Gordon - Existe alguma semelhança. O Aliança para o Progresso foi um programa de incentivo para desenvolvimento da América Latina. A diferença é que o Plano Marshall financiou a reconstrução da Europa do pós-guerra, com países que tinham técnicos e potencial para se reestruturar.
No caso do Brasil, não havia técnicos especializados. Em 1955, havia apenas seis geólogos qualificados para trabalhar em extração mineral em todo o país. Como um país tão rico em recursos minerais, como o Brasil, podia explorar suas riquezas com apenas seis geólogos?
Uma das coisas que o Aliança para o Progresso fez foi apoiar universidades para desenvolver pesquisa e formar profissionais.
Folha - O sr. está escrevendo um livro sobre o Brasil. Do que ele trata?
Gordon - Meu livro tem o título provisório de ``Brazil - The Second Chance".
Este título levanta duas questões: chance de fazer o quê e por que segunda chance. O livro mostra que o Brasil tem chance de se transformar no que eu chamo de um país genuíno de Primeiro Mundo. Minha abordagem política trata de como encontrar estabilidade em um país pluripartidário. Do ponto de vista social, lida com a questão de como a maior parte da população poderia ter acesso aos benefícios do desenvolvimento econômico global.
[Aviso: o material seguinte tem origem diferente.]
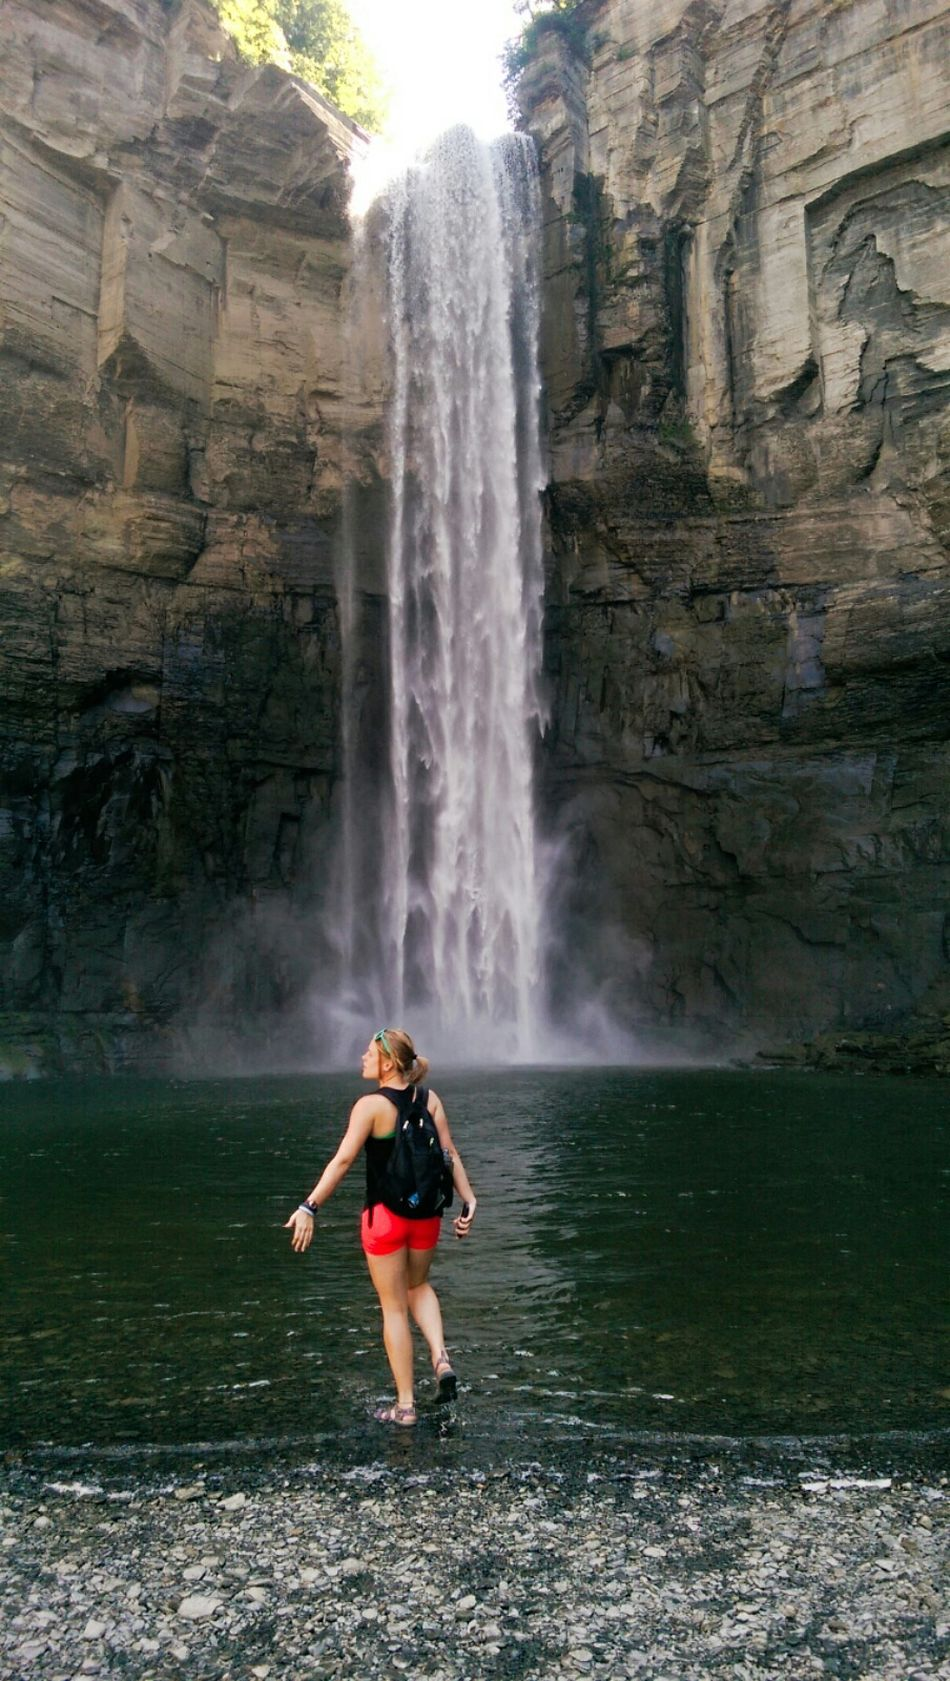 Taughannock Falls State Park Waterfalls Waterfall_collection Nature Nature_collection Naturegirl Hiking Exploring Upstateny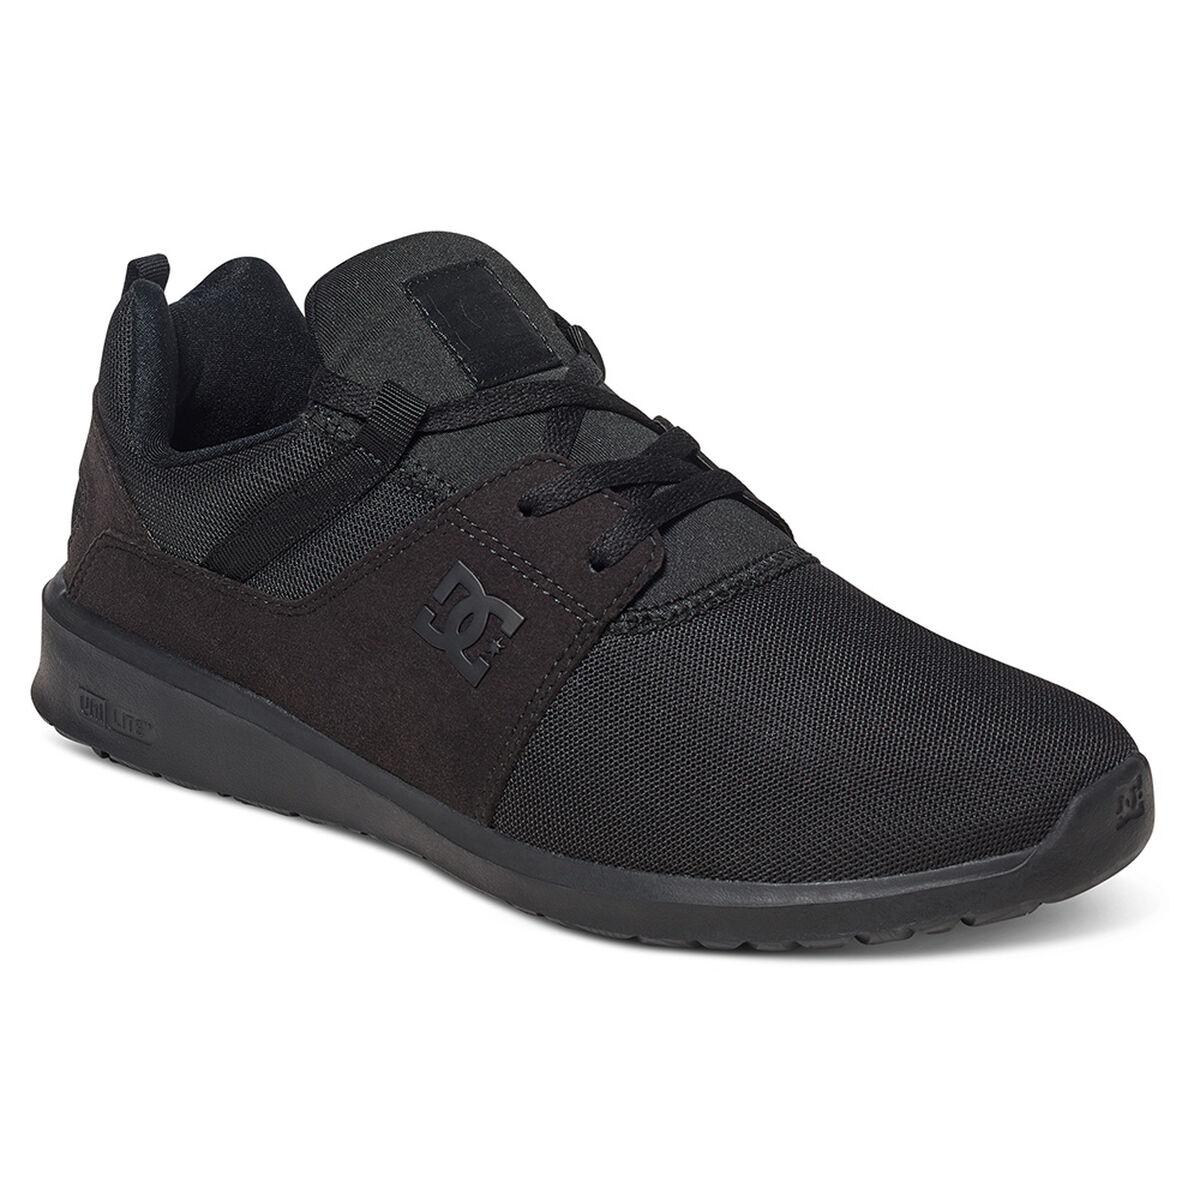 Zapatilla Hombre DC Heathrow M Shoe 3Bk

Falo em segunda chance porque, a meu ver, em 1961, o Brasil passou aparentemente por um tempo de grande transformação em direção à consolidação da democracia.
Nesse ano, pela primeira vez, houve a transmissão pacífica do poder a Jânio Quadros, que era um símbolo da estabilidade democrática. Claro que foi apenas uma ilusão. A primeira chance, portanto, entrou em falência.
Em 1988, o Brasil teve a sua segunda chance apesar de a economia, nos anos 80, ter ido muito mal, com sucessivos planos de estabilização que não funcionaram.
Existem alguns provérbios que fazem parte do folclore do Brasil e que ilustram bem a situação. Tem um que diz ``O Brasil cresce à noite enquanto o governo dorme" (risos). Mas sinto que, hoje, o Brasil retoma o caminho para a modernização.
As eleições do ano passado foram um bom sinal. Estive com o presidente Fernando Henrique quando ele veio a Washington. Acredito nesta administração, mas ainda acho que o sistema pluripartidário propicia o fisiologismo.